Dobry człowiek z dobrego skarbca swego serca wydobywa dobro, a zły człowiek ze złego skarbca wydobywa zło. Bo z obfitości serca mówią jego usta. Łk 6, 45
Nauczcie się kochać to, co prawdziwe, dobre i piękne. św. Jan Paweł II
Trudny czas ostatnio nastał chyba dla nasz wszystkich…
Czy ja jestem dobrym skarbcem? Czy moje serce jest naprawdę czyste, wolne od pretensji, żalu, osądzeń, uprzedzeń, dwuznaczności, oskarżania samej siebie, wyobrażeń o innych, i całego wianuszka światowych trendów?
Nie znaczy to, że trendy są złe same w sobie, ale jeśli rodzą w sercu same negatywne emocje – złe owoce, to lepiej zmykać gdzie pieprz rośnie i pozostać w niemodnym świeci, opartym na solidnym fundamencie Bożego Słowa.
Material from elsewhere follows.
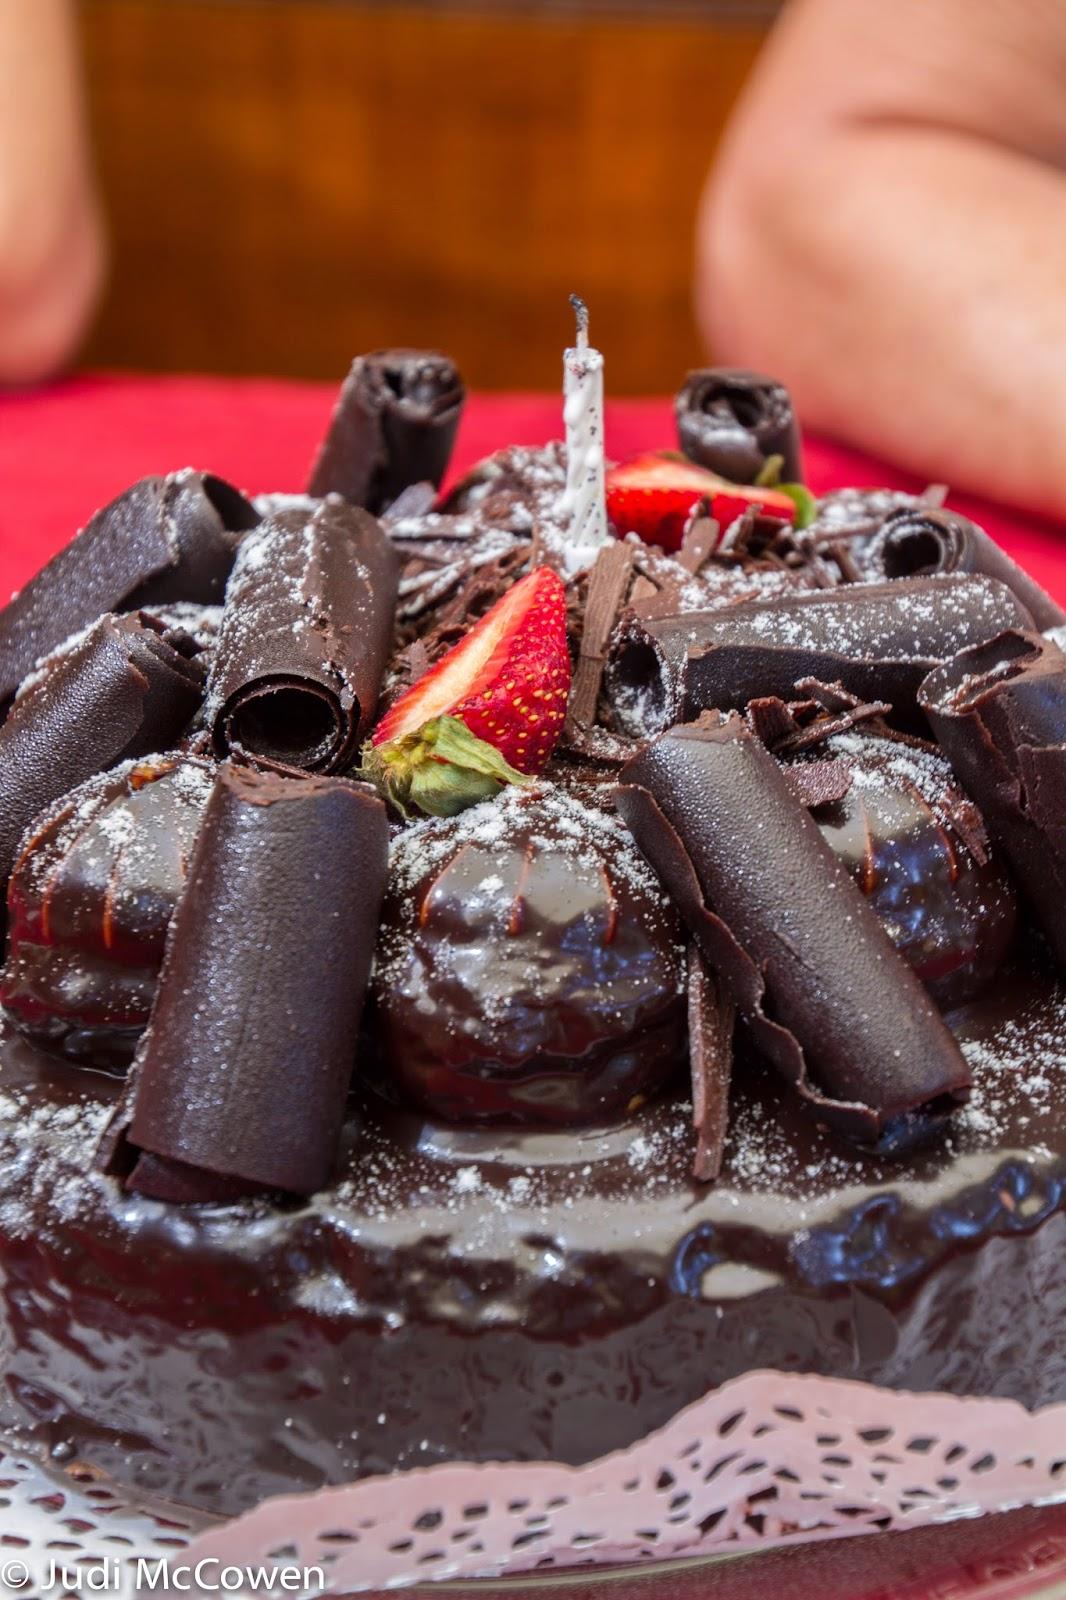 JUstDreamInparadise The Best Tasting Birthday Cake EVER
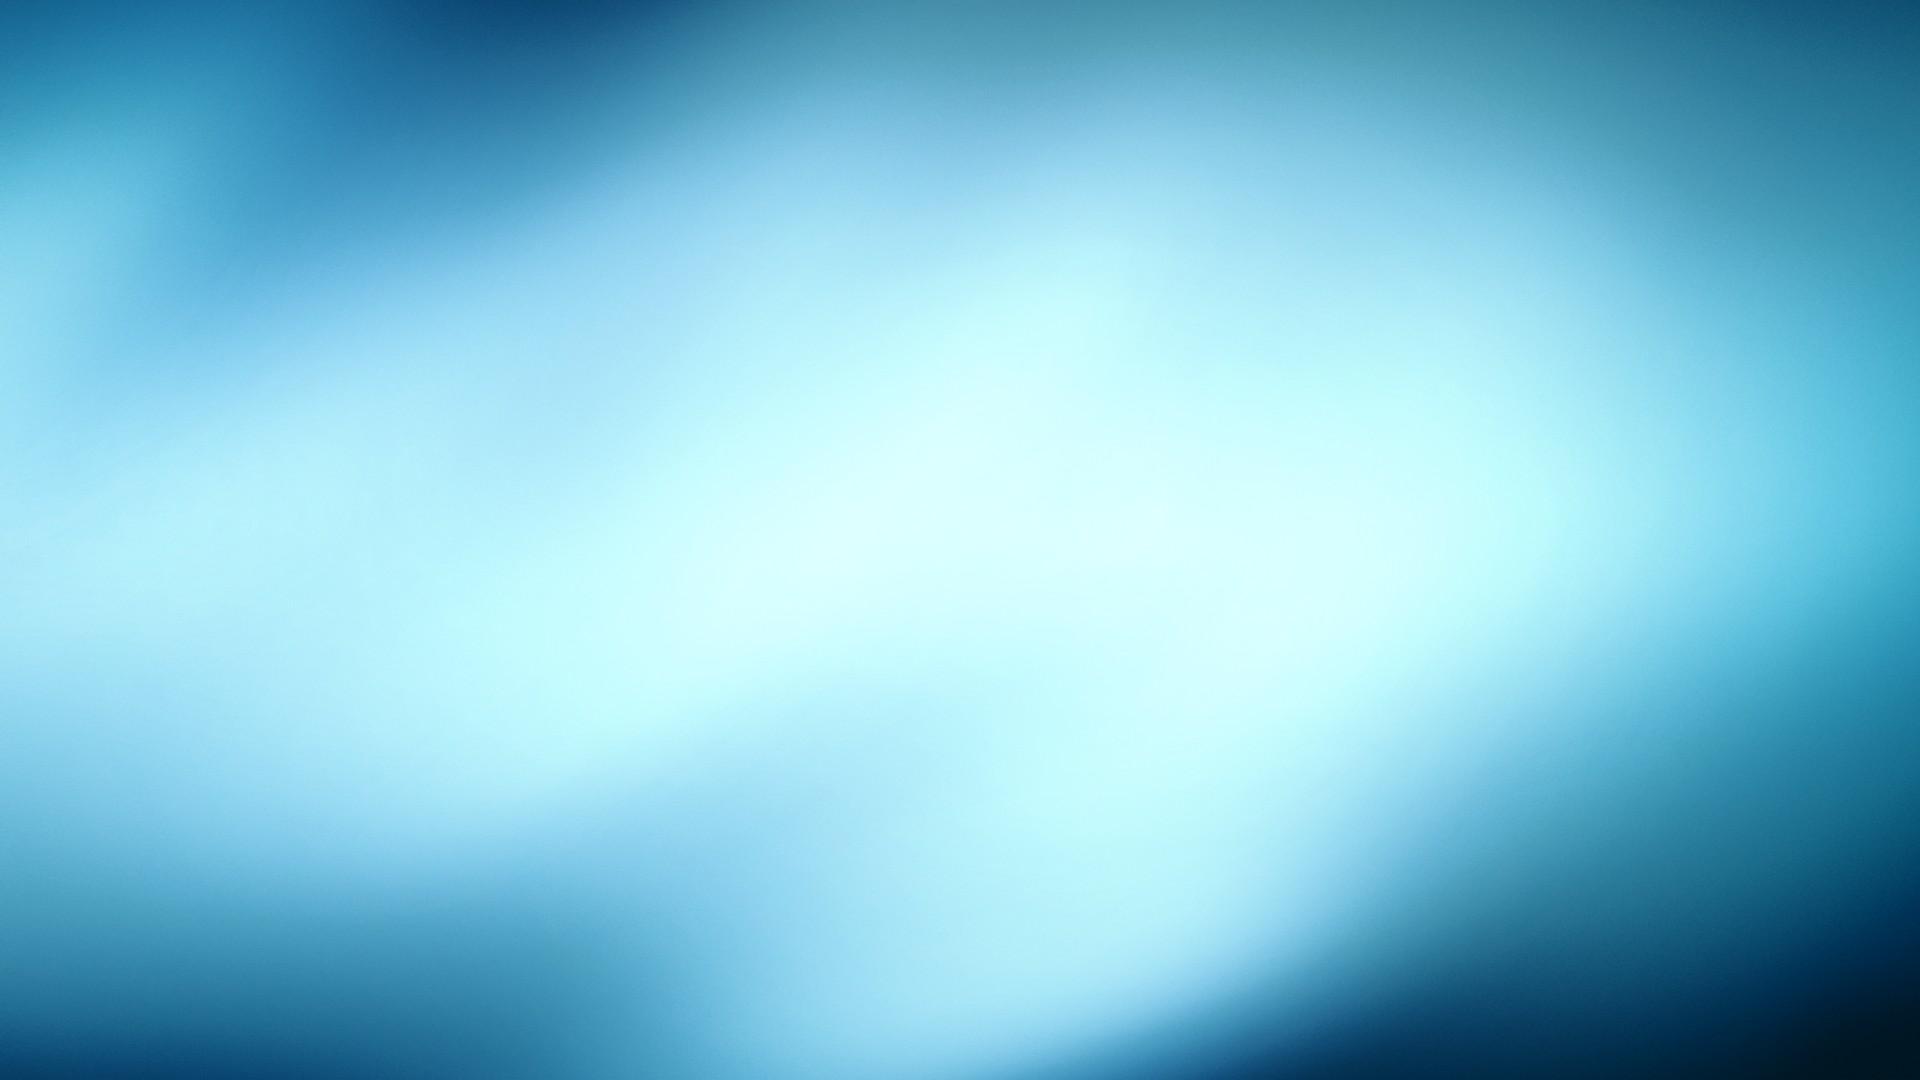 Free Hd Wallpapers Absract Wallpapers Desktop Wallpapers: Blue Abstract Wallpaper ·① Download Free Awesome

Wielu żyje jakby Boga nie było, budując na piasku swoje relacje i związki, a gdy byle wiaterek rozdmuchuje to, co nie miało żadnego podparcia, oczywiście obwiniają Pana Boga za swoje porażki i za zło całego świata…
Panie Jezu, Ty jesteś moją Skałą, Opoką i Twierdzą! Żadna niemoc, choroba, wichura, grom i powódź nie ograbią mnie z ufności jaką pokładam w Tobie! Żadne diagnozy, bezradność, malkontenctwo, ambicje, czy wyobrażenia nie odetną mnie od Twojej Miłości!
W Tobie Panie zaufałam i mam pewność, że czuwasz nad WSZYSTKIM co się dzieje, choć to takie trudne…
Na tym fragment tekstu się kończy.